He described it as “something really important” and purposely didn’t say much else, but he didn’t need to. First came the chorus, then Chance’s verse, then when the chorus came back around, we heard a familiar voice doing ad-libs. But that’s when the track was cut off.
For months, this was the only evidence of the song but later in the same year, J. Cole performed at UIC’s Spark In The Park show in Chicago and brought Chance out to an incredible reception. After a few Chance songs were performed, Cole looked at him and said “so, you wanna do this shit. I wanna do it too. Okay. We got some shit together, let’s try it out.”
Then the same song from earlier in the year, which has been temporarily named ‘Thotty’, started playing.
Chance ends his verse with the following lines:
“You helpless thing, wish she gave me more head and had way more self-esteem
But I wish she gave me way more head way more than I ever gave a fuck ‘ bout your self-esteem”
Cole’s verse contains the following lines:
“Your bitches at the bar, my bitches passed the bar
And this dick is a gift for that law degree”
These lyrics made no headlines in 2014 when the song was performed but if this record were put out today, though witty, still might be a problem. And that’s part of the reason we’ve never heard it.

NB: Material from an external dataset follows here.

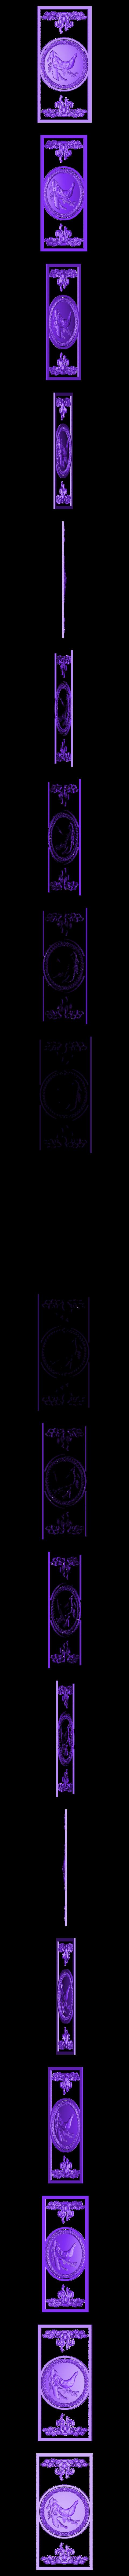 386.stl Télécharger fichier STL gratuit Support mural Tetra • Objet imprimable en 3D, 3DPrinterFiles

A couple of years ago in an interview, Chance said that despite how important the song was to him at the time, he didn’t have the same connection with it anymore, not liking how the lyrics represent women. Since then, the collaboration we’ve gotten from the pair is ‘Warm Enough’ from Surf, certainly a more mature offering representative of those sentiments. If this makes its way to us someday we’ll be grateful, but we can appreciate an artistic decision like this.